The Gathering at Chaffee’s is a two-day, two-night festival located on the Chaffee family farm starting July 27. While camping out, you can check out several stellar Erie favorites all in one place. From Aqueous to The Stagecoach Robbery, the event promises a good time for everyone who joins in on the fun.
“The Gathering at Chaffee’s reminds me of a small city,” Tracy Evans, general manager/promotions director at the crooked i. “Almost everyone there knows each other since they’ve all been going to Chaffee’s for 20-plus years. It has a great community feel to it. It’s a gathering of friends. If you need something, there are plenty of people around willing to help and that’s comforting.”

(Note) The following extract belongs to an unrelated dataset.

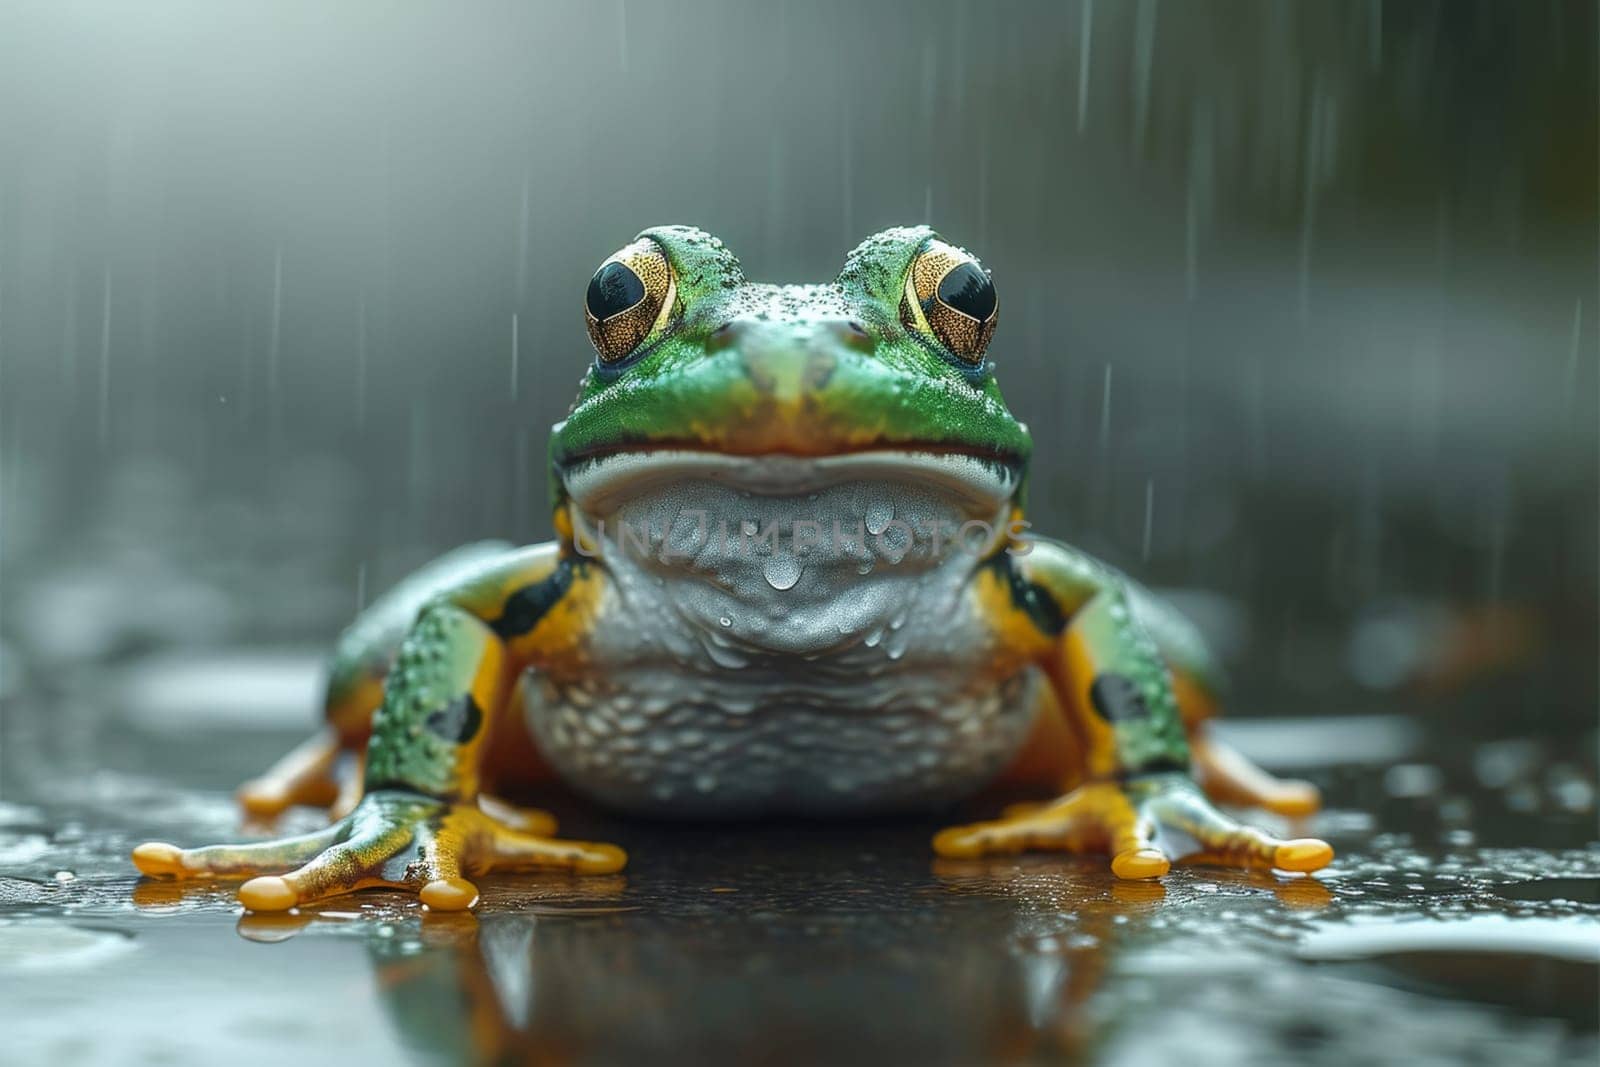 A tree green frog walks in the rain in nature by Lobachad

This year, Evans, along with crooked i Proprietor Marty Scwhab and Booking Agent Ryan Bartosek aided Doug Chaffee with the promotion and booking of the event. With the combination of talented performers and the enjoyable atmosphere, Schwab has experienced the charms of the Gathering firsthand.
“I am not a first timer when it comes to the festival circuit, and last year when we attended Chaffee, it felt like this amazing transformation of all the faces I see on State Street moving to the woods,” Schwab said. “In the hustle and bustle of today’s world, a festival is a great ‘escape.’ For a couple of days, you get to drop your guard and take in the great music and sense of community that comes with the festival circuit. At the very least, it is a grounding experience, to some a spiritual one.”

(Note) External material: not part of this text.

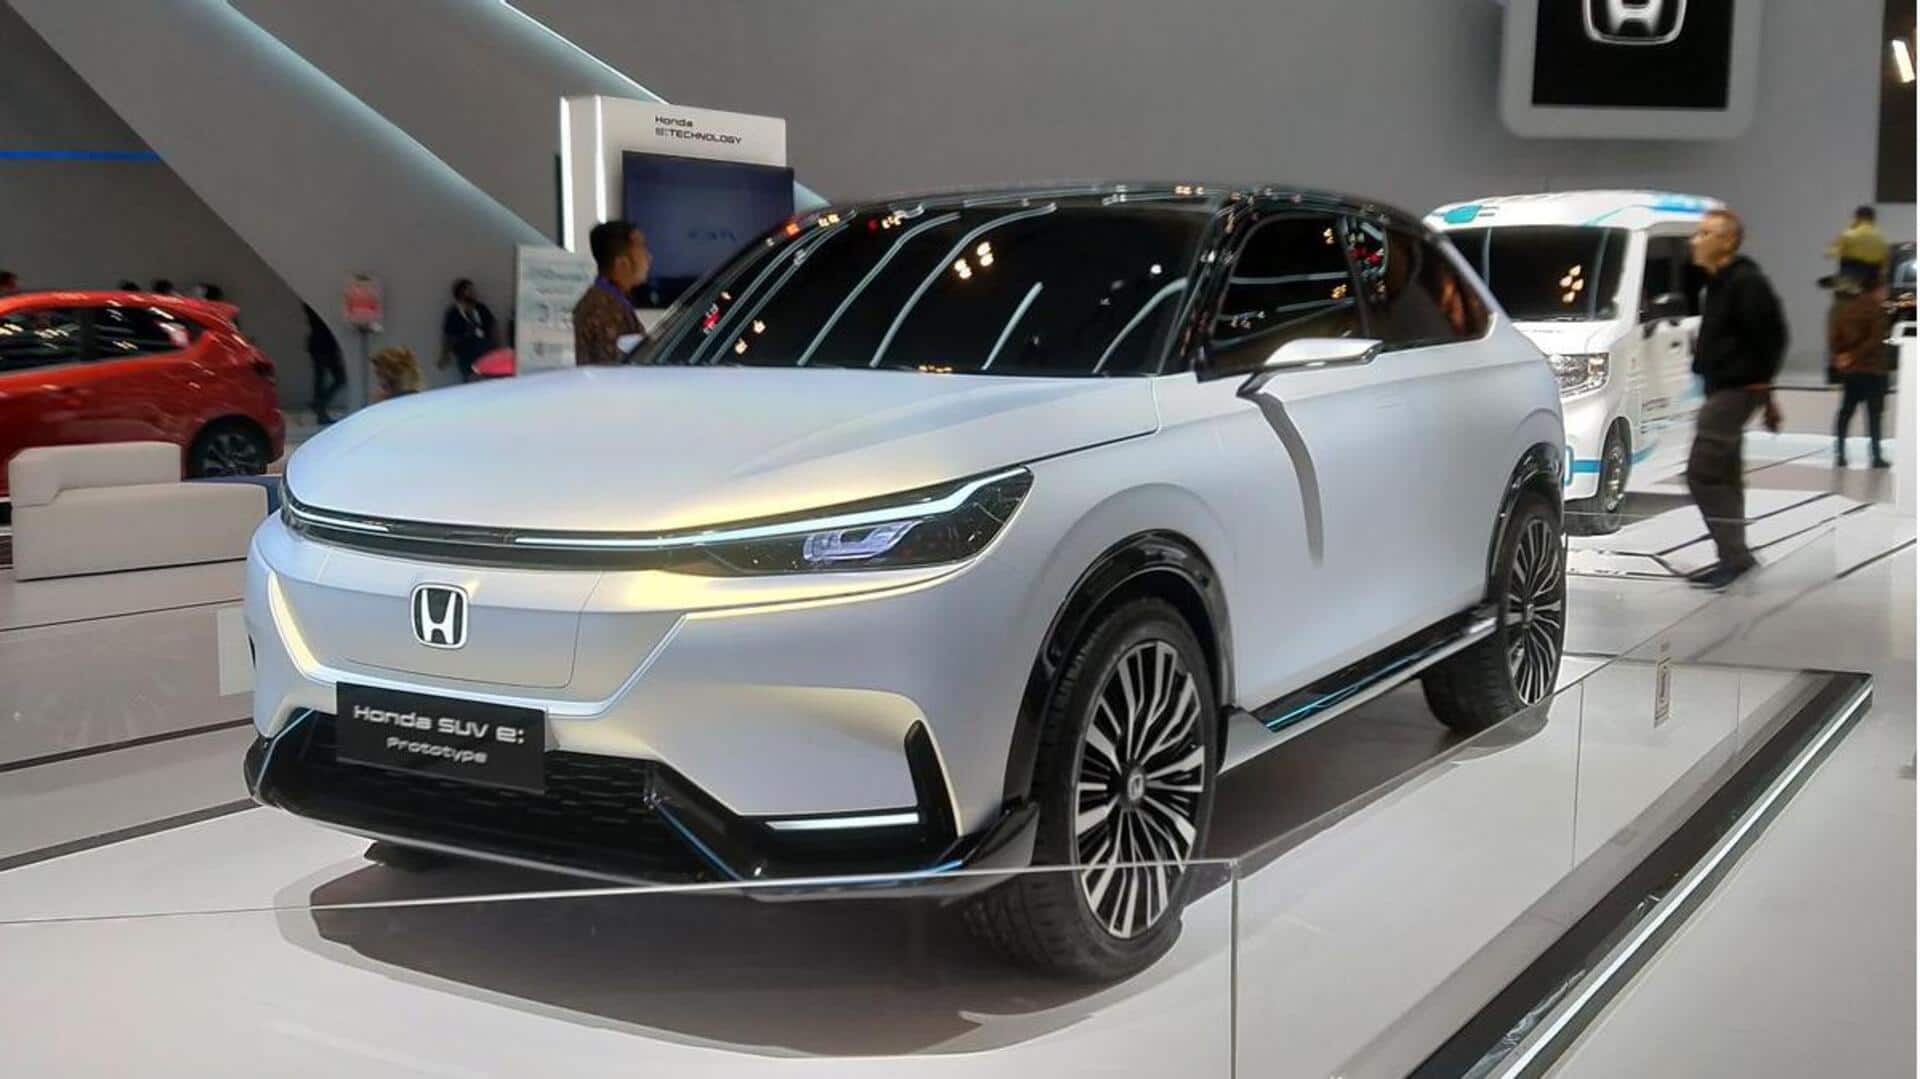 Honda reveals all-electric SUV concept with ADAS features

After our time at the Chaffee family farm, our road trip hits its final month. By August, we’ve seen several festivals fly by, but there’s still a good number left before the school kids have to report to class. In fact, one of the biggest blasts is just around the corner, starting August 3.
Lollapalooza used to be a touring festival, just like the Vans Warped Tour and Mayhem Festival. Now, the three-day party resides in Chicago. The festival grew to be so popular, that now offshoots of the event were hosted in Chile and Brazil. With The Black Keys, Jack White, and Black Sabbath headlining, the seven-plus-hour drive is well worth it, even with our caravan getting stuck behind a 18-wheeler right where construction forces I-90 to one lane.

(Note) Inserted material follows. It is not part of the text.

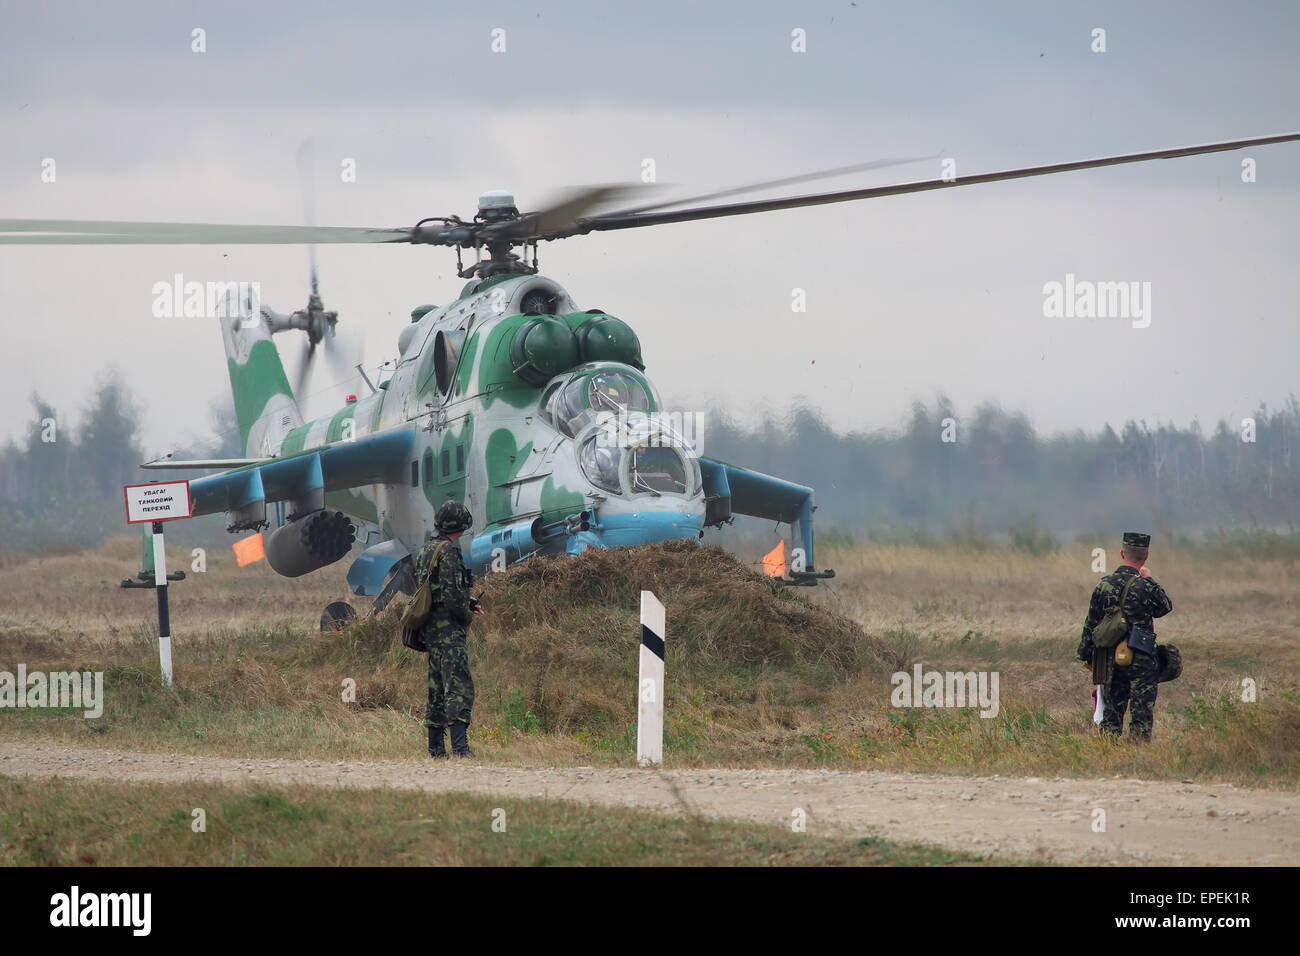 Zhitomir, Ukraine - September 29, 2010: Ukrainian Army Mi-24's Attack Helicopters during military training Stock Photo

After leaving The Windy City, we head back home to Erie for a final pair of parties. Overlapping with Lollapalooza, the Erie Art Museum’s Blues and Jazz Festival kicks off August 4, showing everyone attending in Frontier Park how talented the local musicians are for the price of, well, nothing.
Appropriately, our adventure ends with Celebrate Erie. With the lineup still to be announced, we don’t know yet what our finale on this three-month-long excursion holds for us. Still, after spending so much time away from Erie, it’s nice to kick back, relax, and enjoy the benefits of the music scene in this town. After a lifetime’s worth of experiences over the summer to be had, they don’t mean much if you can’t share it with them your friends and family.
Still, there’s something to be said about that moment where the enormity of the festival around you finally hits home. While you’re just one person in a sea of music lovers, that single connection binds you to the whole experience. Even after playing at all these huge festivals, Simon still gets that feeling in the pit of your stomach where you just can’t believe how magical that moment is.
“It’s a really weird feeling, but it’s good,” Simon said. “It’s exiting and exhilarating, and it’s kind of funny because every time we’ve done something like that, I can’t stop laughing, because it’s one of those things where it’s like ‘okay, how did I end up here’ kind of thing.”
Sometimes all you can do is just laugh and enjoy the moment. You can quit your job and embark on a three-month journey or pick out the festival that calls out to you. It’s whatever you want to do—as long as you have fun and enjoy the ride. Really, that’s what summer music festivals are all about.